LazyVal.value(0).then(do_print).then(incr).then(do_print).eval(lambda a: None)  

We basically just implemented JavaScript Promises.


Another great example of flow control is exceptions, and this is supported through what is known as the Try monad:

class Try(object):  
    # Bring a variadic function into the Try monad
    @classmethod
    def lift(cls, func):
        return lambda *a, **kw: cls.make(lambda: func(*a, **kw))

    # Bring a 0-ary function into the Try monad
    @classmethod
    def make(cls, get_value):
        try:
            val = get_value()
        except Exception, exc:
            return Failure(exc)
        if isinstance(val, cls):
            return val
        return Success(val)

class Success(Try):  
    def __init__(self, value):
        self.value = value

    def then(self, func):
        return Try.lift(lambda: func(self.value))

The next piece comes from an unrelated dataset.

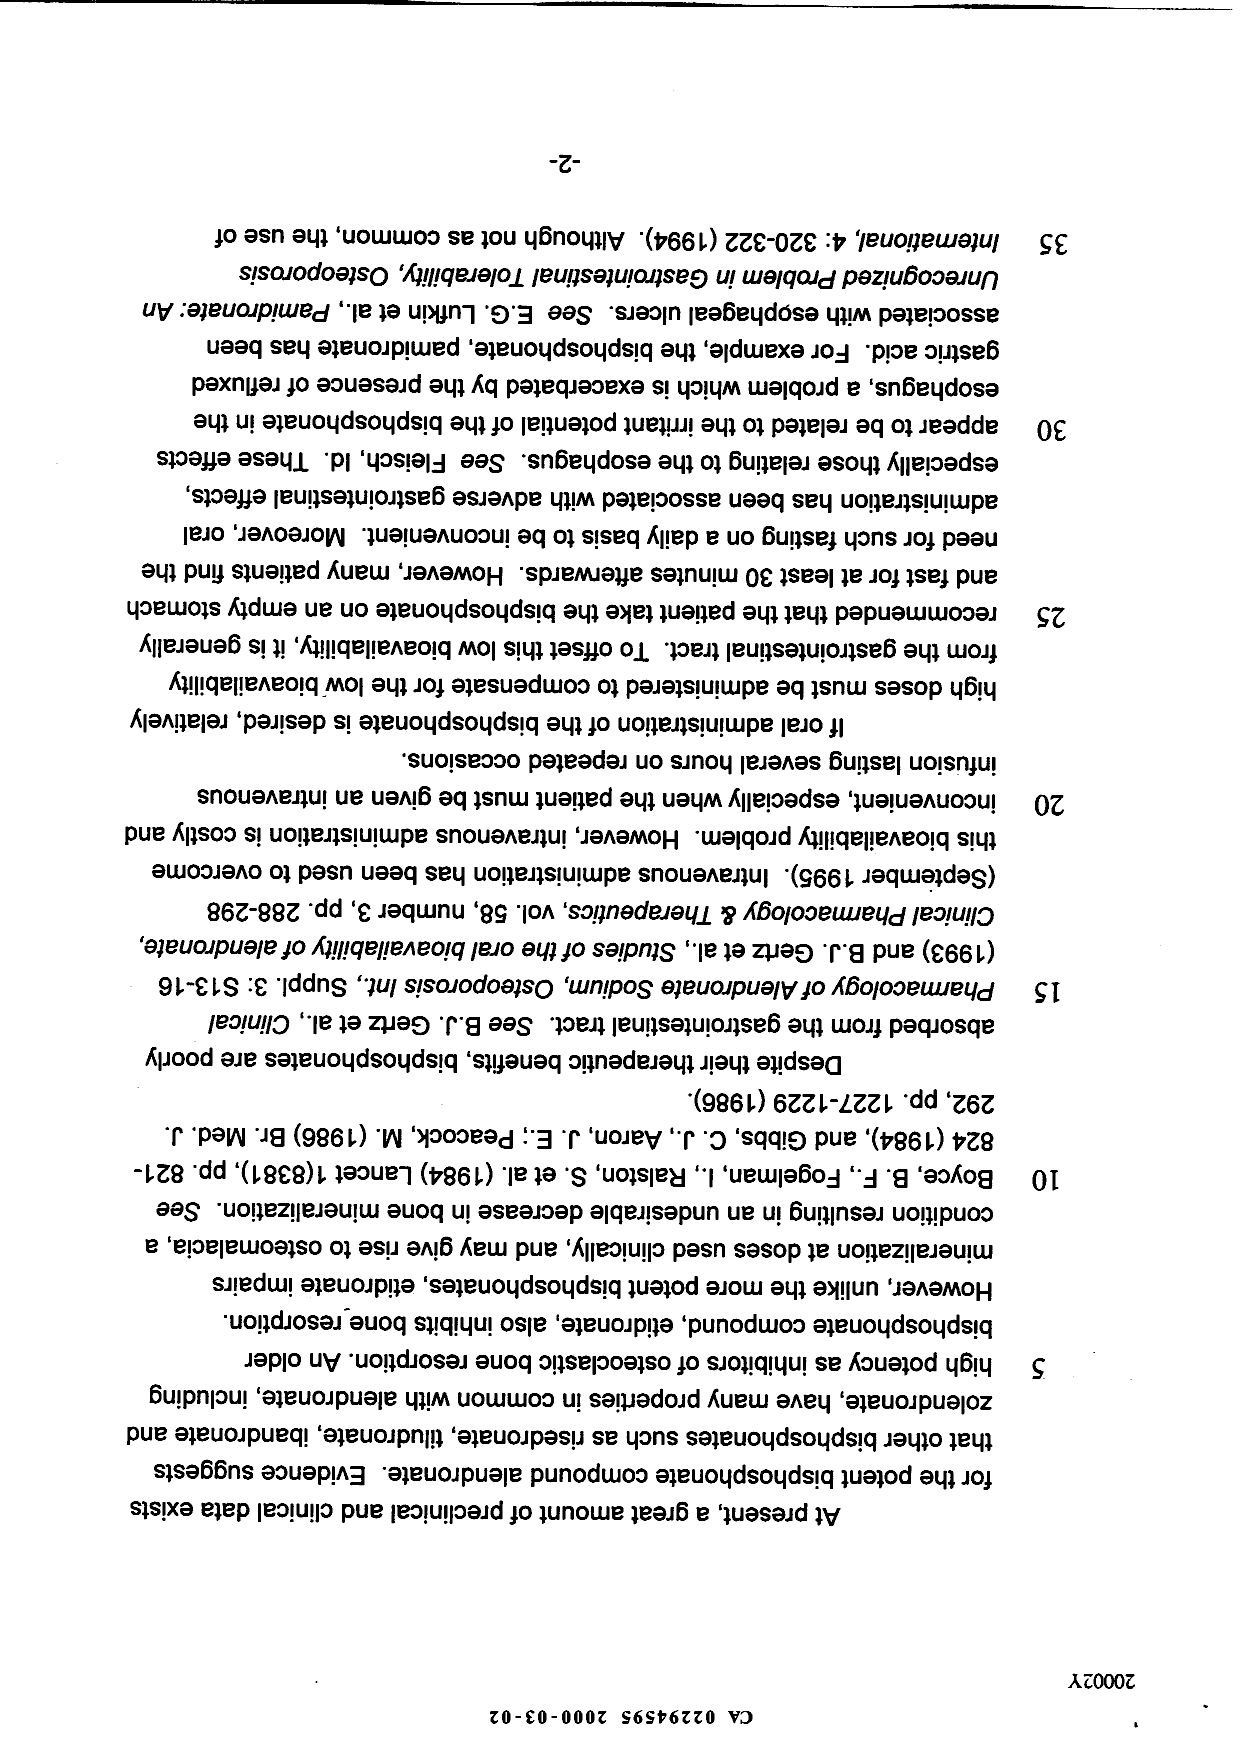 Canadian Patent Document 2294595. Description 19991202. Image 2 of 32

    def or_else(self, func):
        return self

    def get_or_raise(self):
        return self.value

class Failure(Try):  
    def __init__(self, error):
        self.error = error

    def then(self, func):
        return self

    def or_else(self, func):
        return Try.lift(lambda: func(self.error))

    def get_or_raise(self):
        raise self.error

divide = lambda (a, b): a / b  
do_print = lambda a: [print("a is {}".format(a)), a][1]  
do_log_err = lambda exc: print("Exception: {}".format(exc))

Success((1.0, 2.0)).then(divide).then(do_print).or_else(do_log_err)  
Success((1.0, 0.0)).then(divide).then(do_print).or_else(do_log_err)  

The output of this program is:

a is 0.5
Exception: float division by zero

Which is exactly correct! You might have noticed that Success and Failure are nearly symmetrical; I find this to be one of the most elegant monads because it brings what seems like quite a janky type of control flow (one which C and Go don’t even implement) under the same understandable umbrella as the other monadic flows.

Syntax as an Interface, Reprise

Core to all of the monads we’ve explored today is a small interface:

  • A classmethod which maps values from regular Pythonic control flow into the monad (e.g. LazyVal.value or Val itself); and
  • A method on a monad which takes a function and returns a new monad representing the composition of the two pipes in the pipeline (then());

There are other optional parts to the interface, including:

  • Ways of getting values back out of a monad (e.g. Try.get_or_raise, LazyVal.eval)
  • Additional means of composition (e.g. Try.or_else)
  • Ways of transforming functions from a => b into a => monad[b] (e.g. Try.lift)

Again, let’s pretend we were in a language where the entire program had to evaluate to a single expression. Would we need a call to .then() for every ‘line’ of our program? Well, Haskell implements something called ‘do-notation’ wherein a series of statements operating under a monad can be strung together in a classical imperative programming style. This is the ‘programmable semicolon’ of monad lore:

do a <- Val(0)  
   print a
   a <- incr(a)
   print a

We’ve defined what it means to do one thing ‘and then’ do another thing by implementing a simple interface, and now our program can be a ‘pure’ expression whilst still having all the ordered I/O side-effects we need.


I dont expect Python to implement something like a do-notation, but perspective is worth 80 IQ points. It’s worth noting that Twisted’s Deferreds and JavaScript’s Promises are effectively a combination of the LazyVal and Try monads. Go forth and program semicolons!